Williams Trucking v. Gable, Unpublished Decision (6-8-2000)

CourtOhio Court of Appeals
DecidedJune 8, 2000
DocketNo. 75614.
StatusUnpublished

This text of Williams Trucking v. Gable, Unpublished Decision (6-8-2000) (Williams Trucking v. Gable, Unpublished Decision (6-8-2000)) is published on Counsel Stack Legal Research, covering Ohio Court of Appeals primary law. Counsel Stack provides free access to over 12 million legal documents including statutes, case law, regulations, and constitutions.

Bluebook
Williams Trucking v. Gable, Unpublished Decision (6-8-2000), (Ohio Ct. App. 2000).

Opinion

JOURNAL ENTRY AND OPINION
This case involves competing claims to a one-half acre of real property situated in Solon, Ohio. Plaintiff-appellee Williams Trucking, Inc., formerly known as Welker Trucking, Inc., claims title to the parcel based on a 1986 deed and a 1991 corrective deed. Defendants-appellants Robert Gable and Ann Gable claim title based on a 1993 deed of conveyance. The trial court quieted title in favor of Williams Trucking, Inc., and the Gables contest this ruling. Because we find no error in the trial court's judgment, we affirm that judgment.

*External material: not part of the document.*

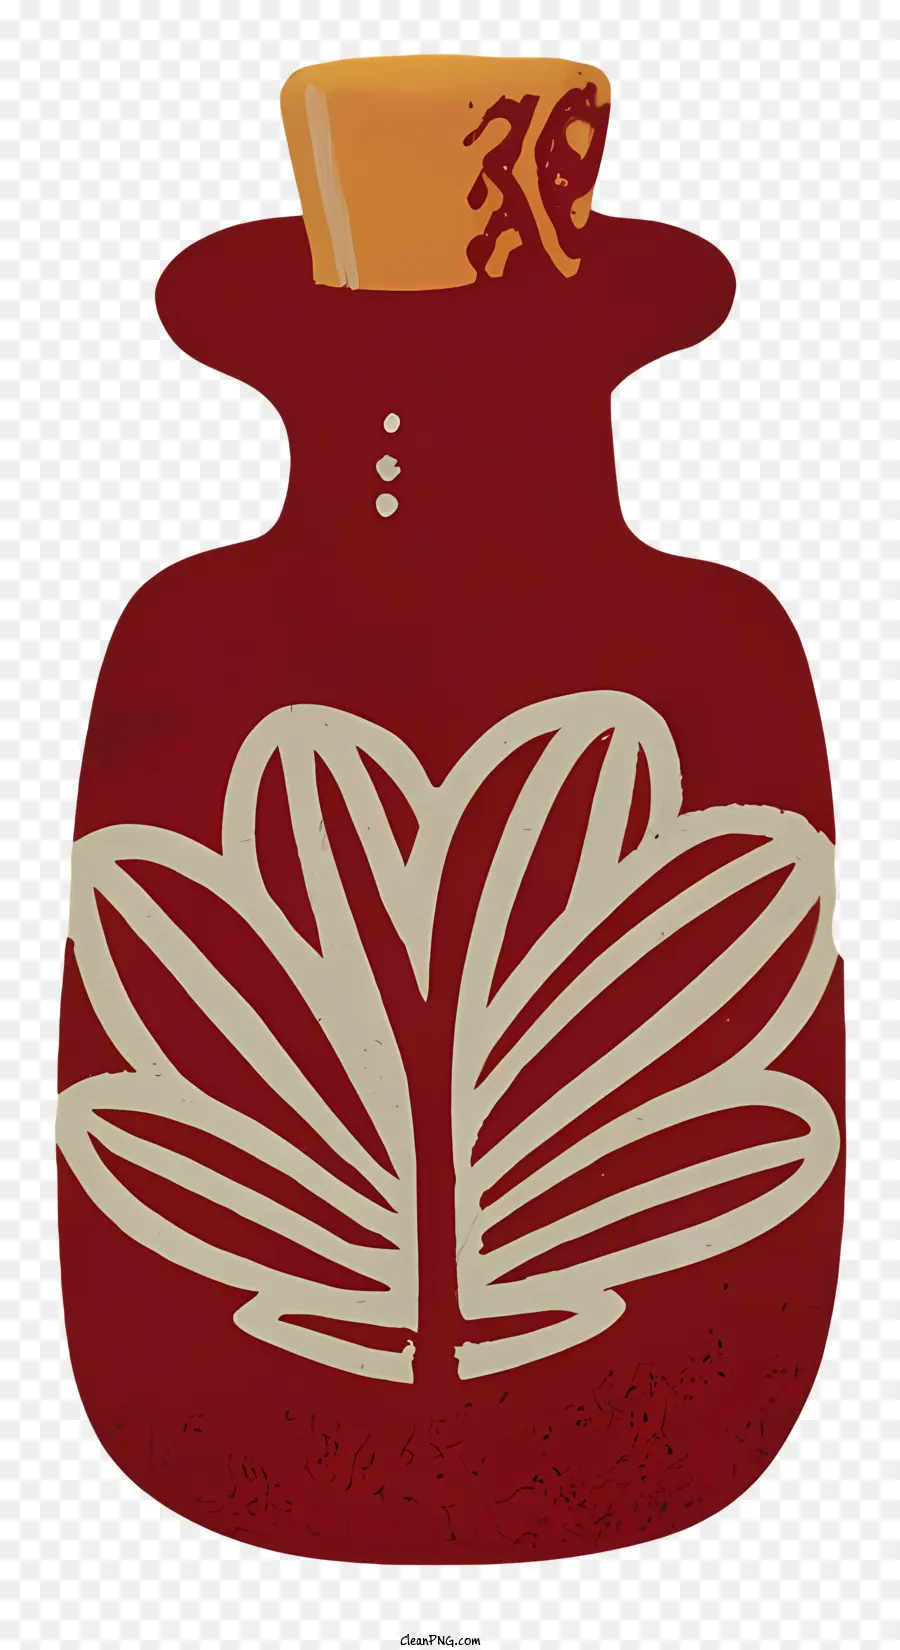 Blumenmuster - Rote Vase mit gelbem Deckel, weißes Blatt

The parcel in question, hereafter referred to as the "Disputed Parcel", originally was part of a larger parcel of property owned by Emil F. Danciu in Solon, Ohio. In 1961, Danciu filed two separate deeds of conveyance. By deed filed April 27, 1961 and recorded in Volume 10148, Page 361 of the Cuyahoga County deed records, Danciu conveyed a parcel of land fronting on Bainbridge Road to 33141 Bainbridge Road Company (hereafter "33141"). 33141 was an Ohio general partnership whose partners were Michael P. Fornaro, now deceased, and the Robert Realty Company, another Ohio partnership whose partners were brothers Robert P. Velotta and Michael F. Velotta, Jr. The Disputed Parcel is the northerly portion of the parcel transferred by this deed to 33141. By separate deed filed April 27, 1961 and recorded in Volume 10148, Page 363 of the Cuyahoga County deed records, Danciu conveyed the land situated to the north and west of the first parcel to the Robert Realty Company.

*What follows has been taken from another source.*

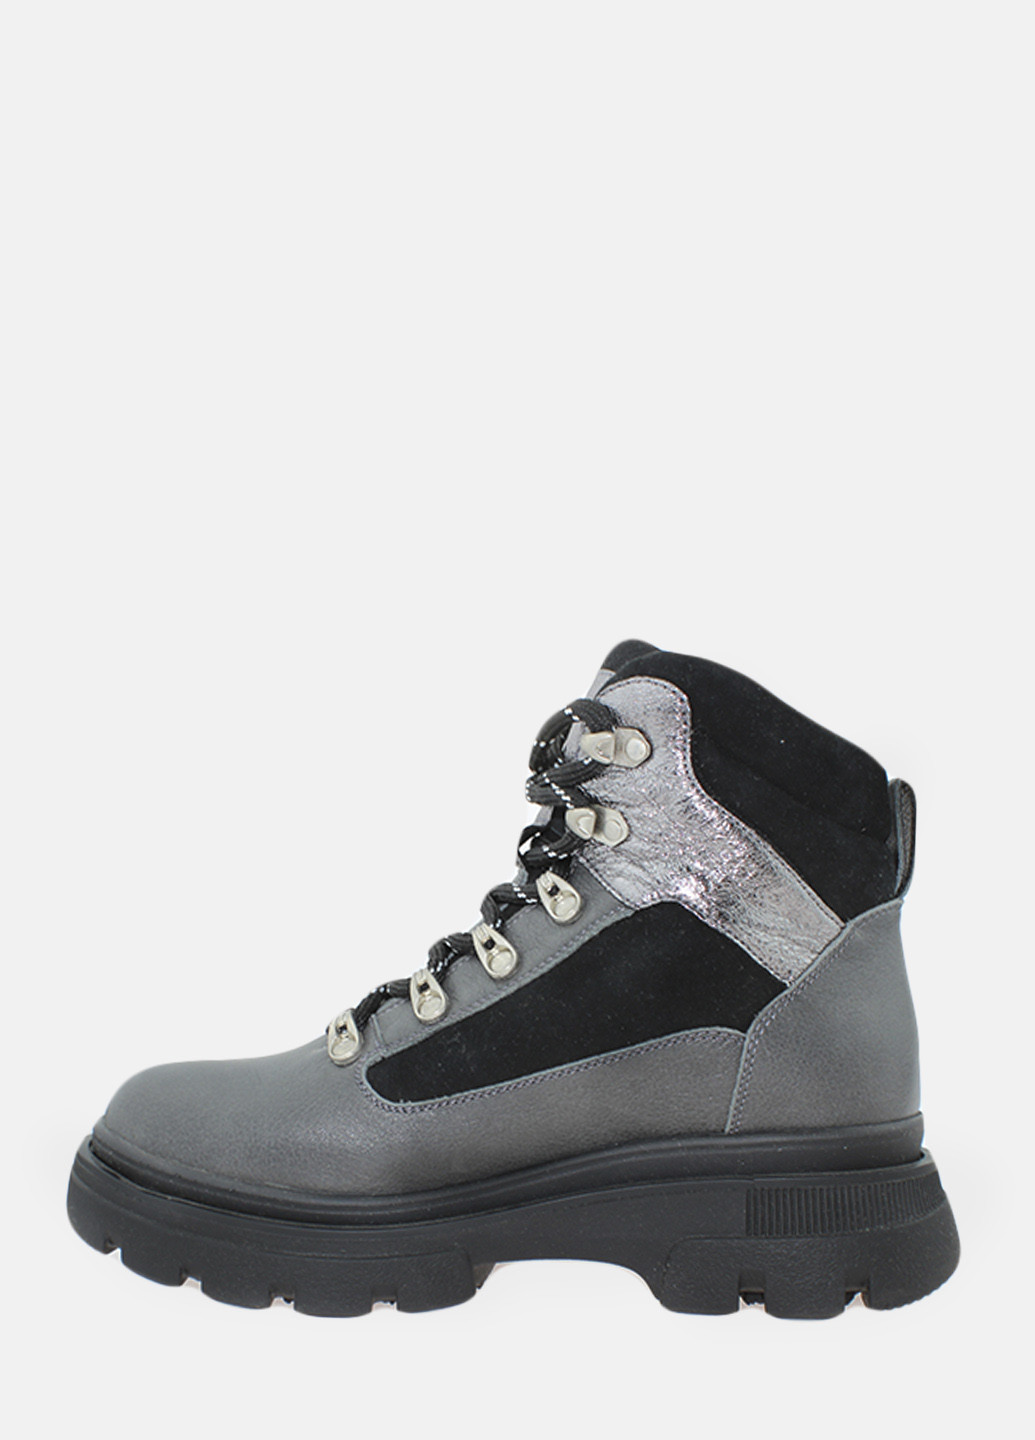 Зимние ботинки rf1511 серый-черный Favi из натуральной замши

The parcel transferred to 33141 was occupied over time by a bowling facility. By 1978, the parcel owned by the Robert Realty Company was being leased to Welker Trucking, Inc. In that year, Welker's president, Floyd E. Williams, began negotiations to purchase the parcel Welker was leasing from the Robert Realty Company. A purchase agreement between Williams and Robert Realty was executed in 1979 but did not refer to the Disputed Parcel or any property owned by 33141. Because Williams defaulted on the contract, however, the sale was never consummated and no property title transfer occurred.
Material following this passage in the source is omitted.